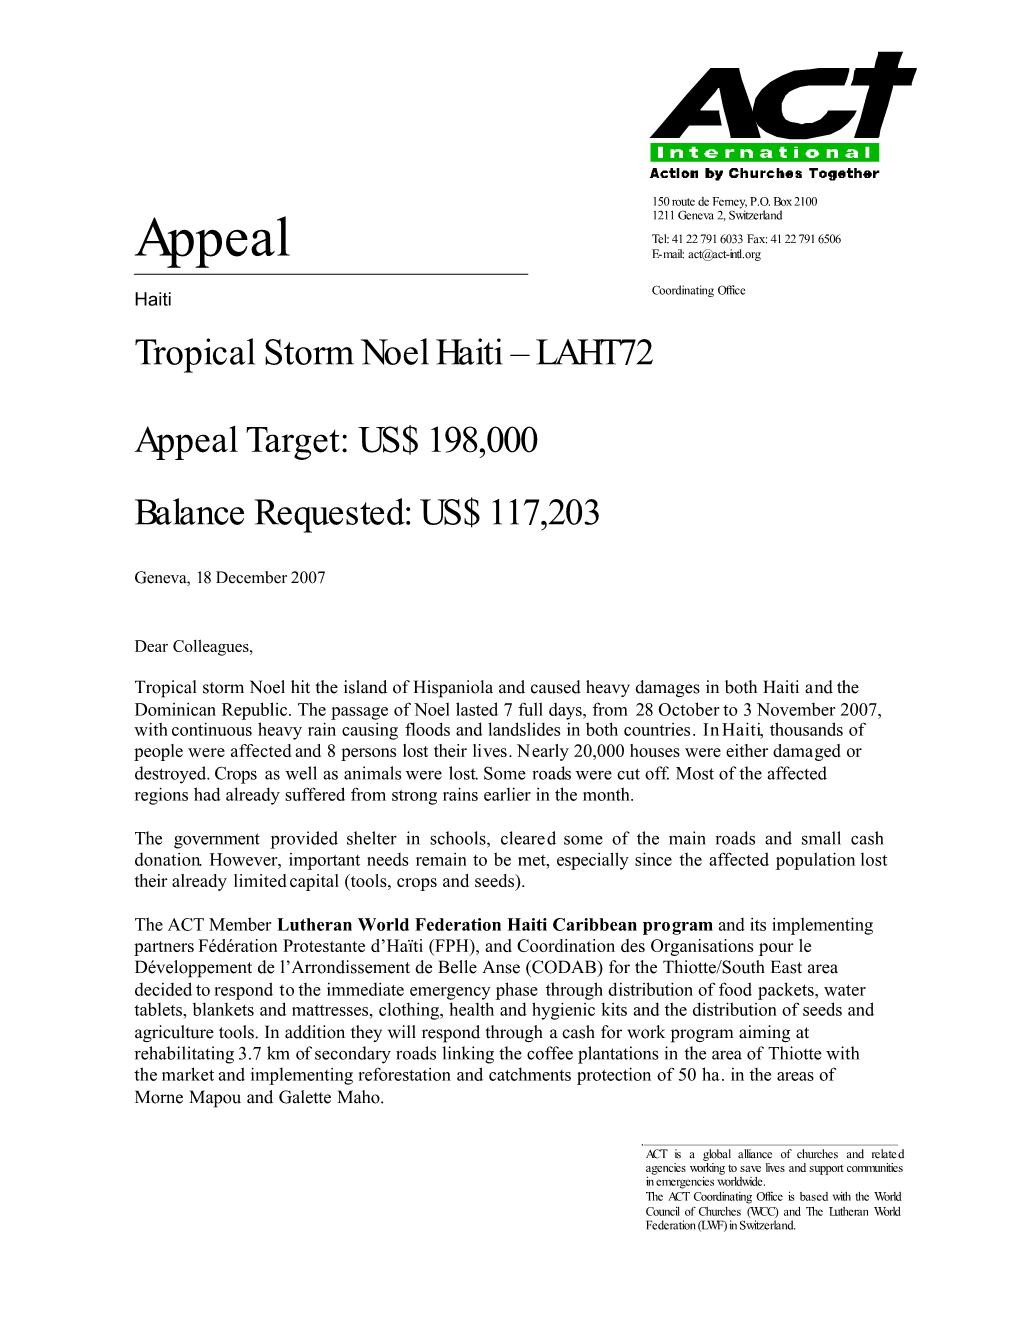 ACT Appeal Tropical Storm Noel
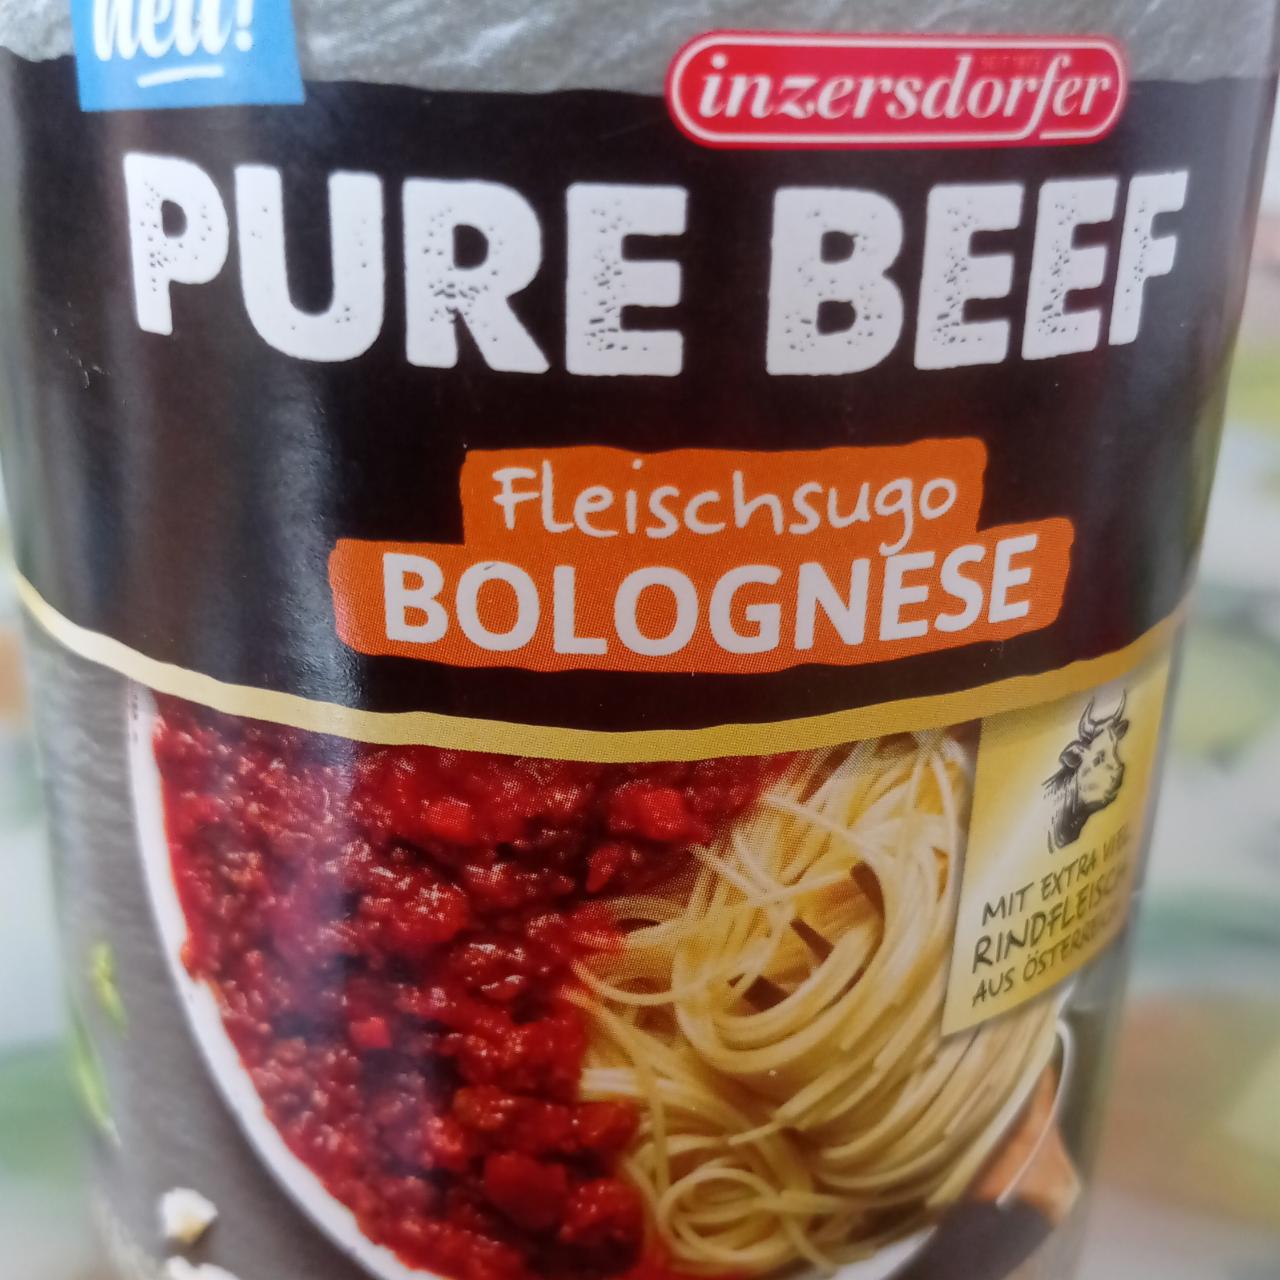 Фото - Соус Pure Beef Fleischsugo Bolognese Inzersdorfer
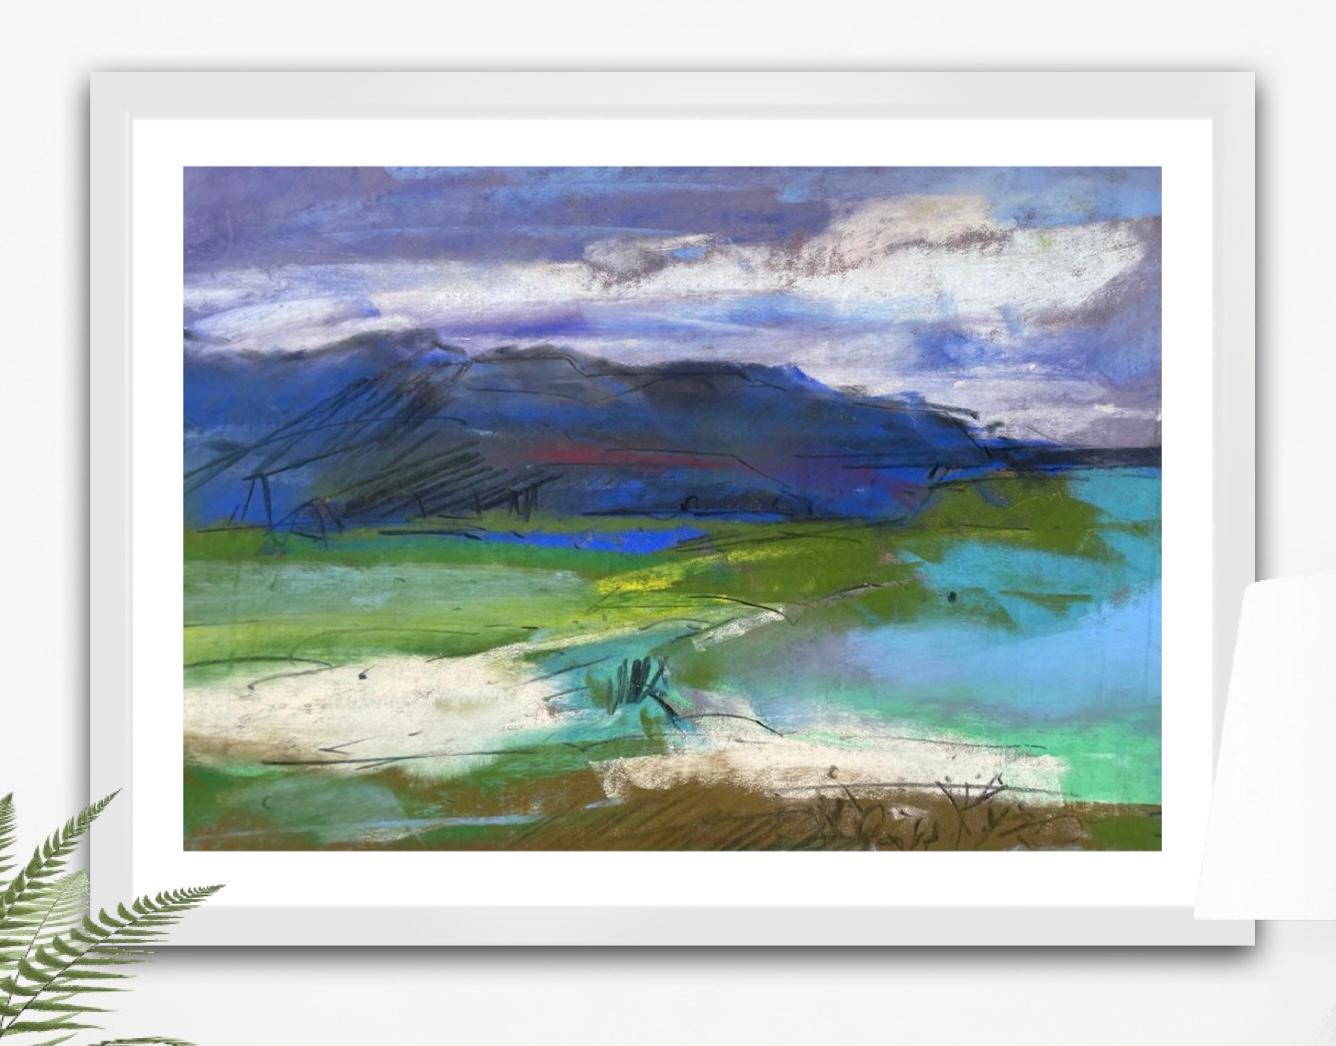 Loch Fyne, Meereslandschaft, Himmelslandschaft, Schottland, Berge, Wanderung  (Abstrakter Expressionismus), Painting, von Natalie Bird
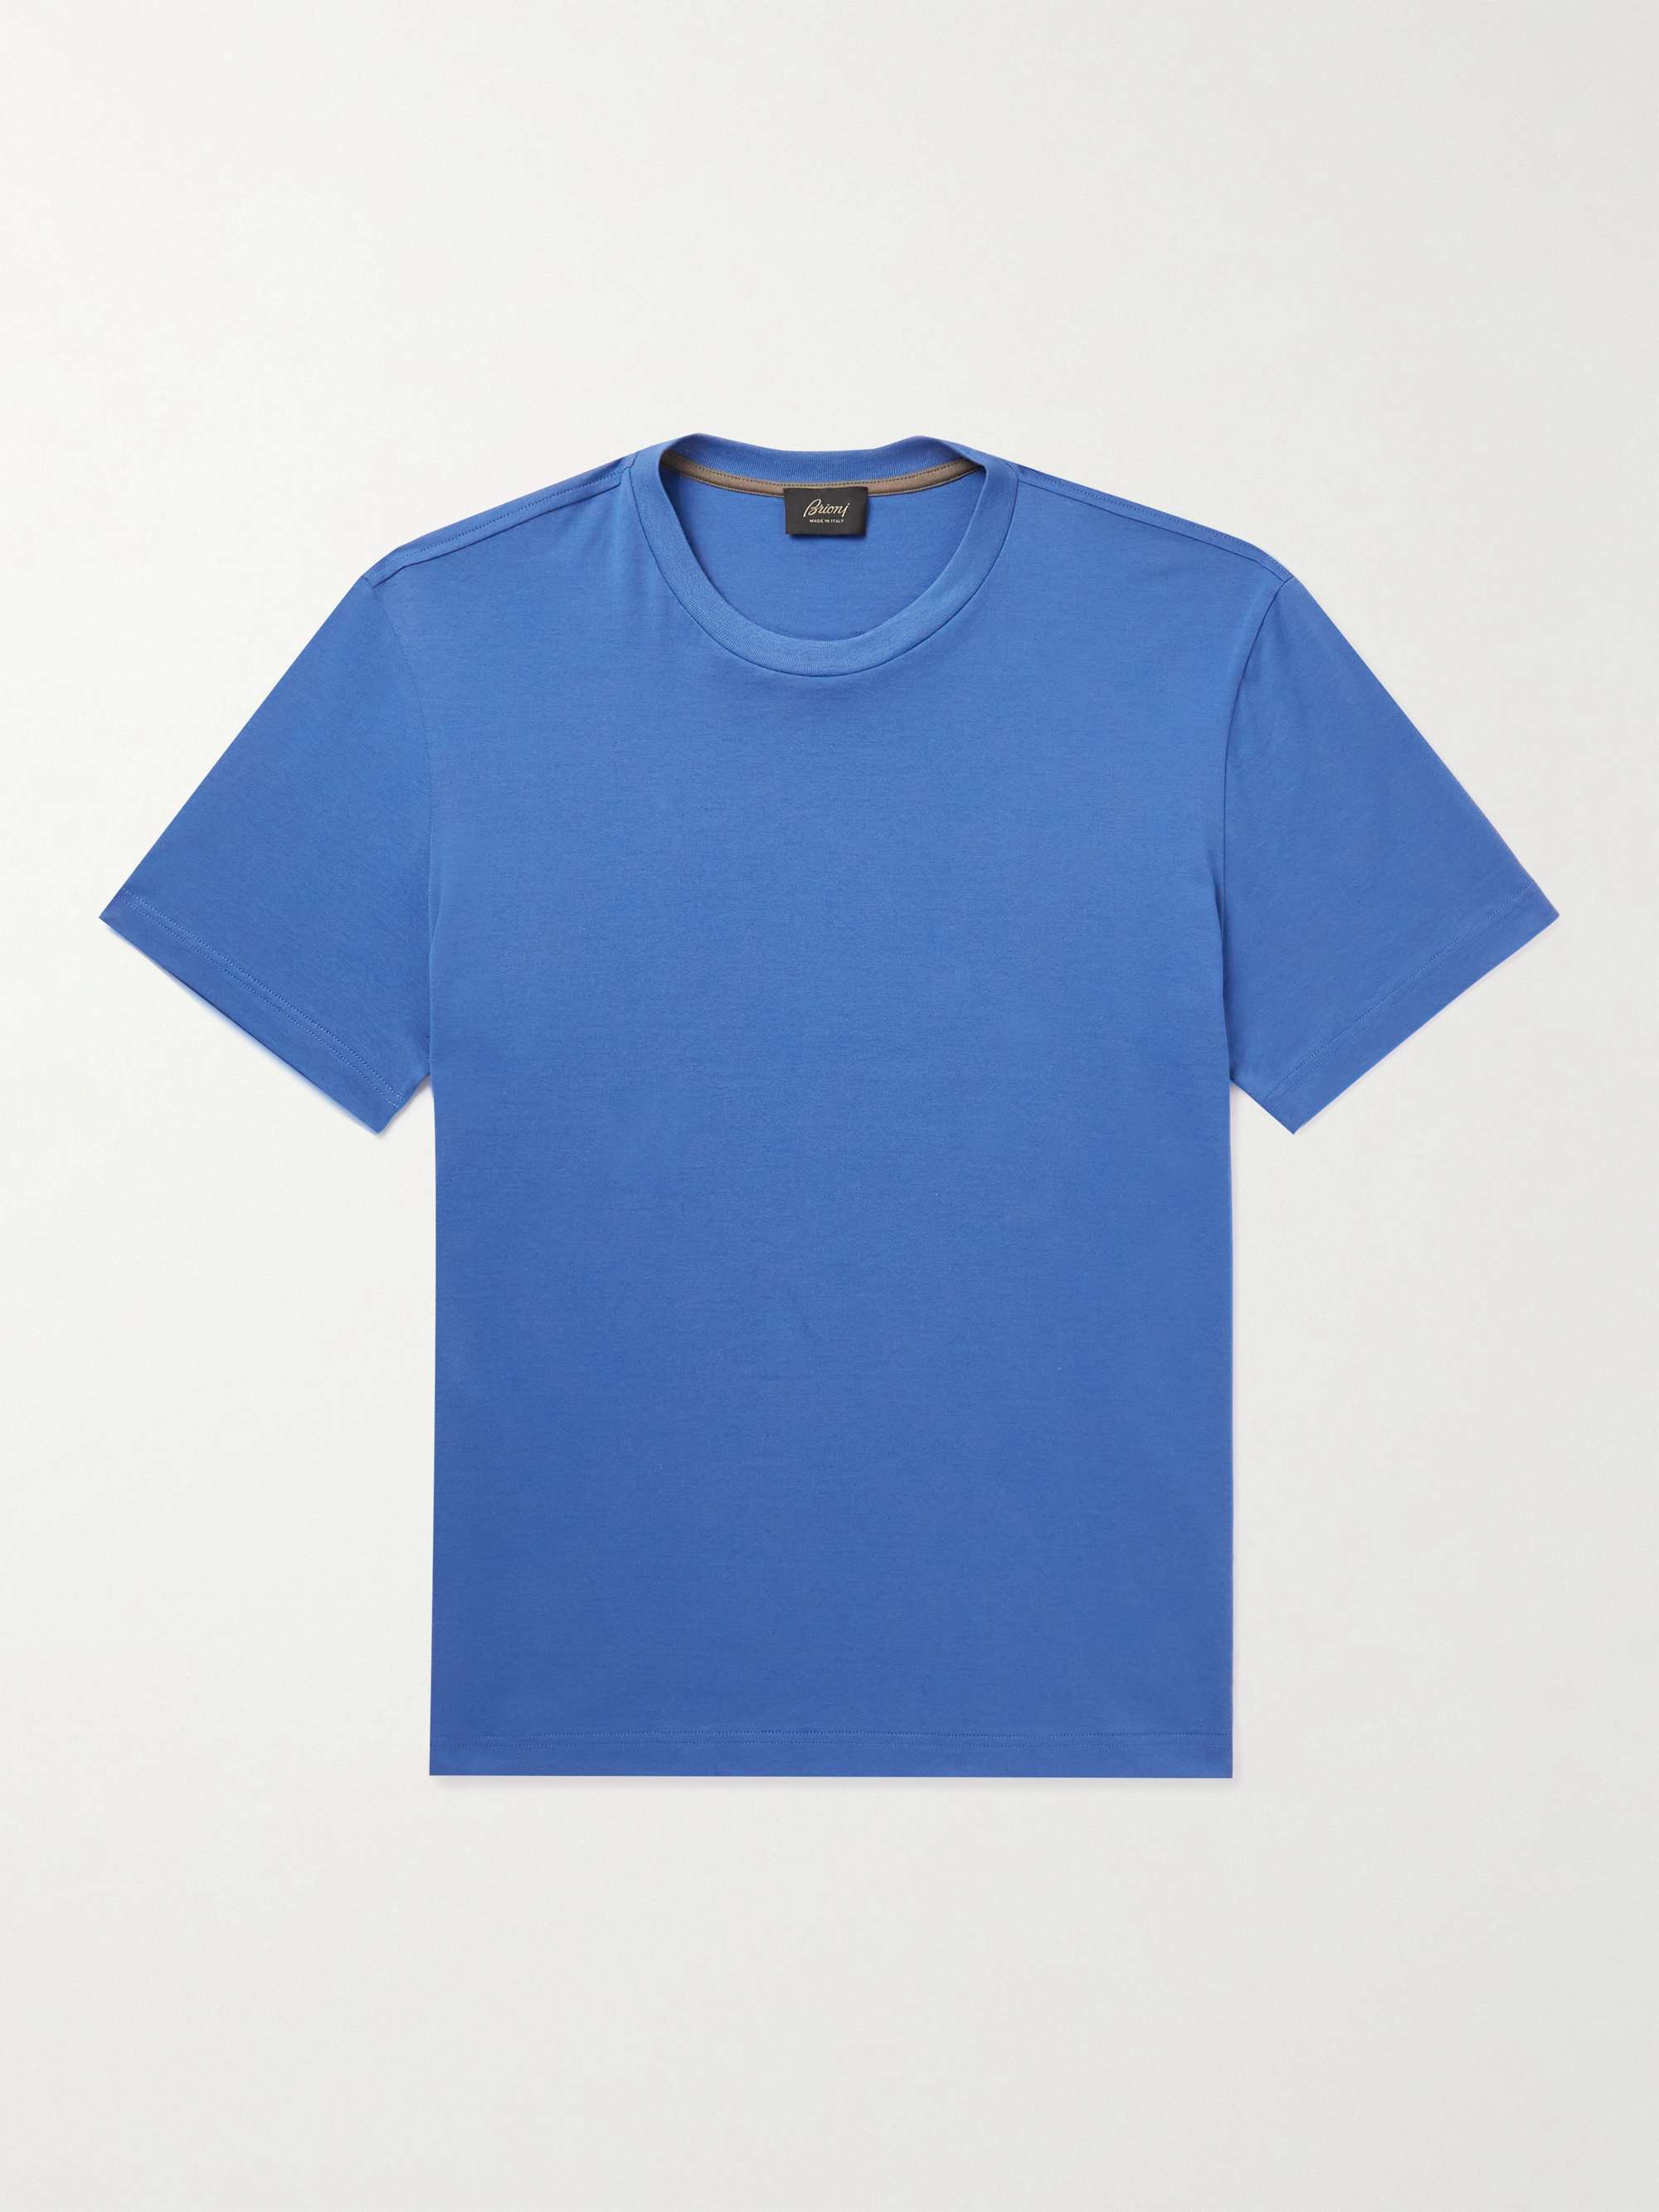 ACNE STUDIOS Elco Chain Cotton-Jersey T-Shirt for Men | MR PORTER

## TO DO
Your reply should consist solely of the lines from the one containing "Фото - Соус" through the last line of the material, reproduced exactly and without pictures.

## TASK RESPONSE
 Фото - Соус Pure Beef Fleischsugo Bolognese Inzersdorfer
 Loch Fyne, Meereslandschaft, Himmelslandschaft, Schottland, Berge, Wanderung  (Abstrakter Expressionismus), Painting, von Natalie Bird
 ACNE STUDIOS Elco Chain Cotton-Jersey T-Shirt for Men | MR PORTER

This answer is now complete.